How To Be Taken Seriously as a Young Makeup Artist

I’ve had my business card thrown out in front of me. I’ve had salon/ spa owners laugh at me making it clear that they were not taking anything I said seriously simply because I was young. It’s true, I was 19 and new to it all. It is hard going to an industry where you have to prove yourself and people have decades more experiences than you, but everyone has to start somewhere. I toughed it out and now that I’m a bit older and have been doing it for longer I want to give advice to those who are starting out as young or younger than I was.

1. Do not cheapen yourself or let someone else do it.

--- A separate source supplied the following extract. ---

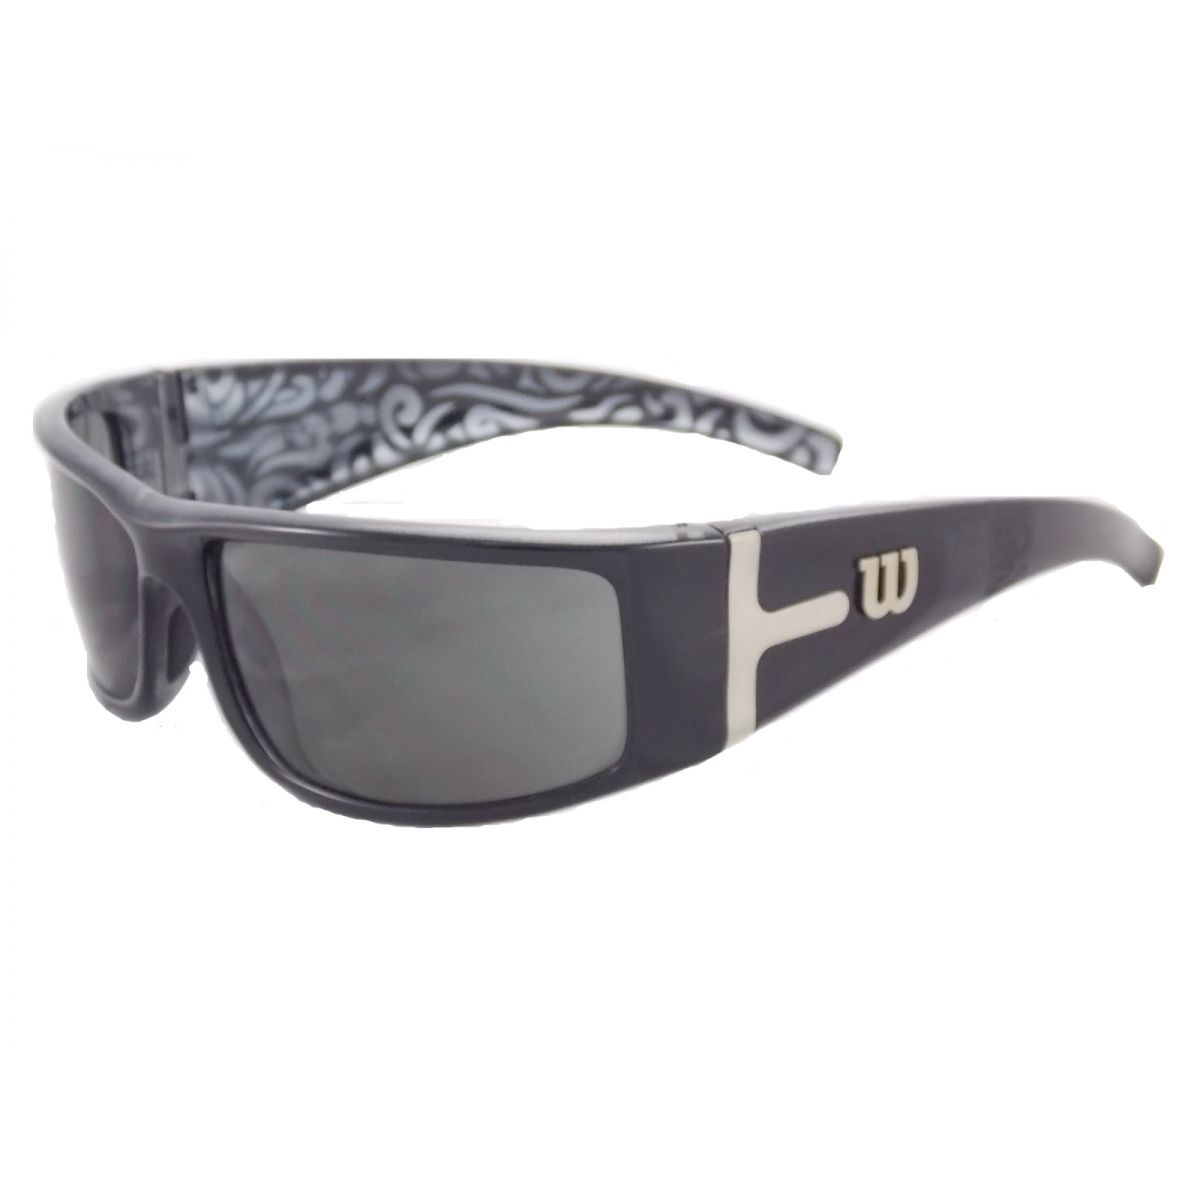 09b1237a6f431 Óculos de Sol Wilson Pan Oceanic W8093 872 01WilsonPromoçãoCompra ...
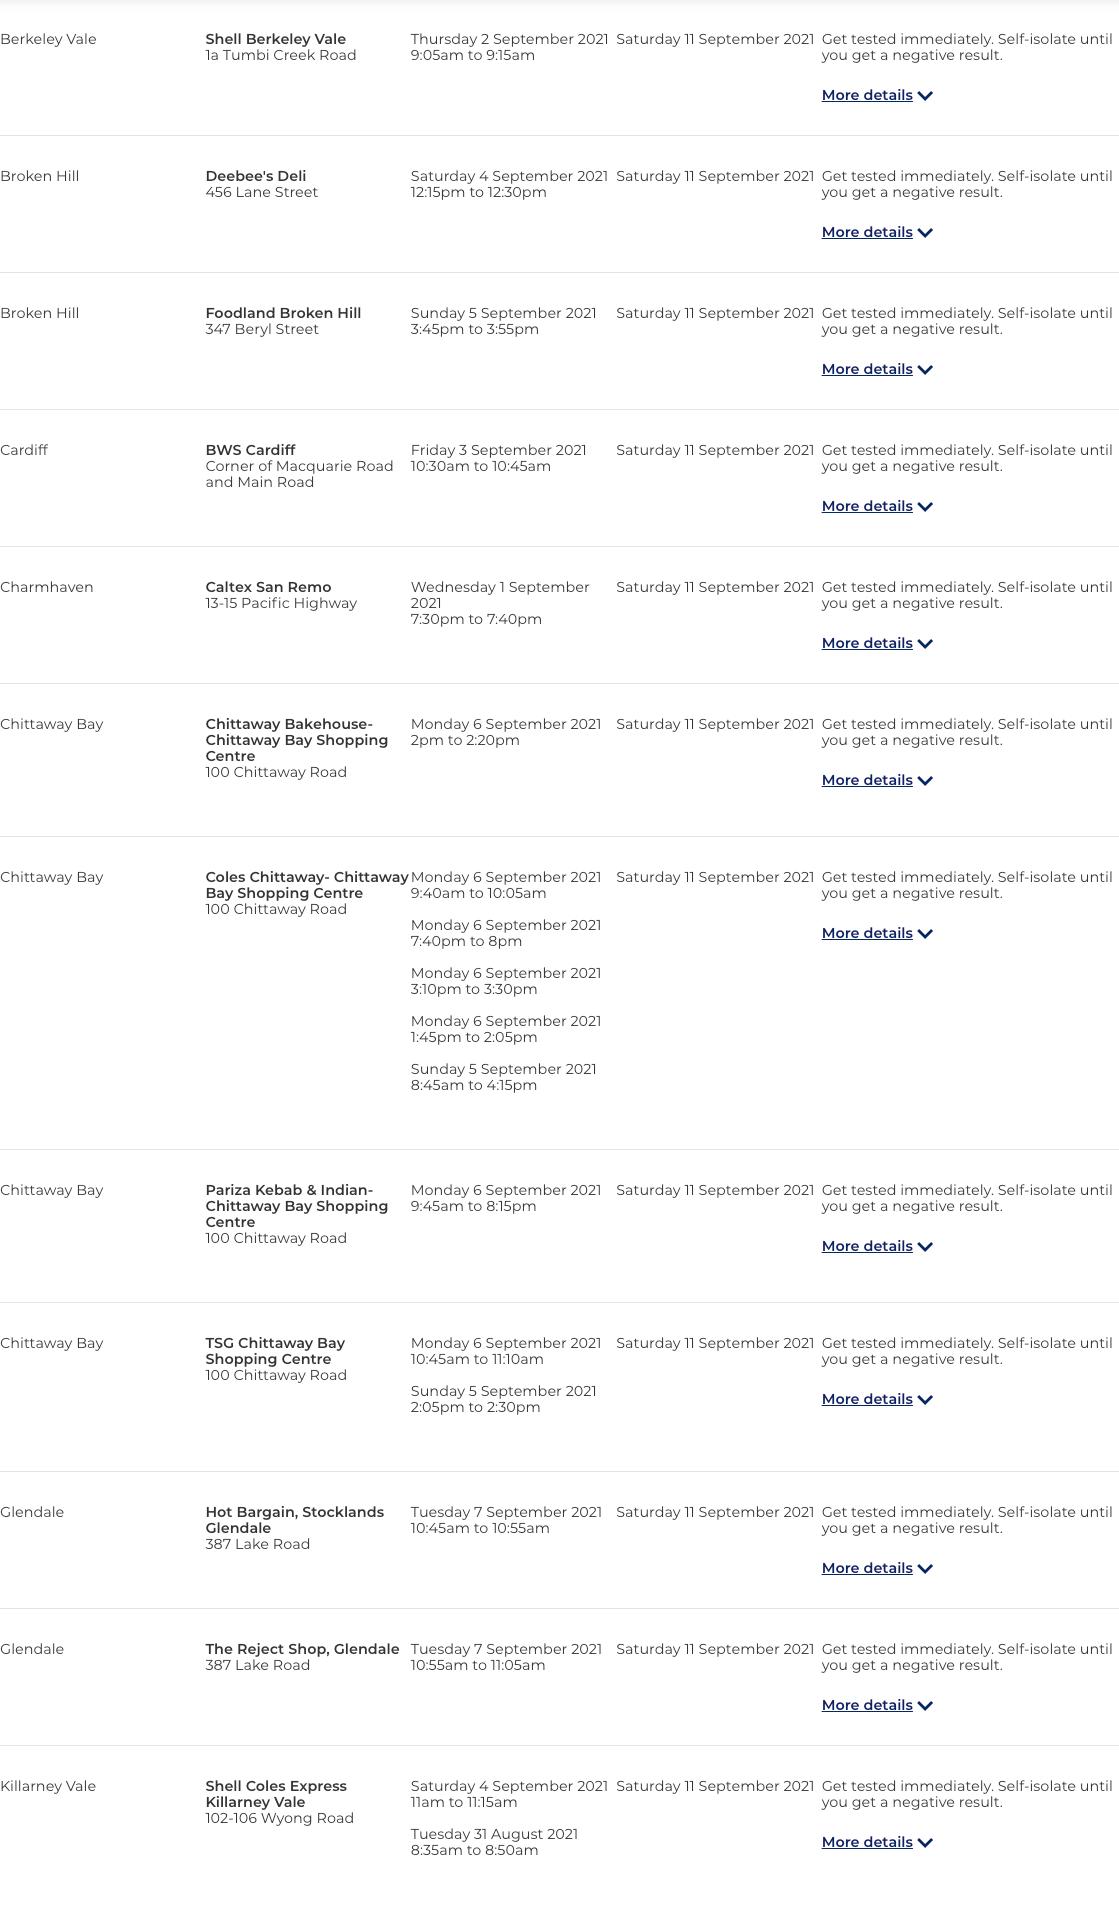 www.nsw.gov.au_covid-19_nsw-covid-19-case-locations_case-locations (25)的副本.png

People will try to convince you that you should take less money because you are young, but keep in mind that there is a difference between young and inexperienced. Sometimes they overlap, you can be both young and inexperienced, or you could be young but have a lot of experience and talent. While there is something to be said about the amount training and years into something you have the more you can charge, if you have come up with your price and you confident with it do not settle for less. If you charge something at one place or with someone know that that number may follow you. Makeup artistry is a lot of word of mouth and you can’t have people comparing vastly different numbers in a short amount of time. It’s a fast way to lose customers and clients. Another reason this is bad is because you’ll get in the habit of changing your prices because someone older than you told you to. If they are telling you that you are overcharging because of a legitimate reason, then it might be good to listen and do your own research, but keep in mind that if people sense you are young they may try to pull a fast one.

2. Get experience, but not always for free. I’ve done a lot of free gigs, but sprinkle them in with paid gigs. You will be taken more seriously when you get paid for your service, it’s just the way it is. Another way to look at this is to get experience through training, go to free classes and take any free advice you can get, but sometimes it is good to invest in a class and pay for a certificate or class.

3. Team up with someone else. It’s good to get together with someone else who is new and combine your skills. It’s also good if you can have someone take you on like an apprentice. This will most likely increase your chances of getting projects and clients. Don’t feel like you always have to find another makeup artist, team up with a hairstylist or a photographer.

4. Observe what others do. Do other people utilize social media? Do they carry around a pocket hand sanitzer while they work? Check out little details and see if any of them work for you. It will save you time from having to figure everything out yourself.

Show up on time, be as professional as you can be and know what you can bring to the table no matter how old you are.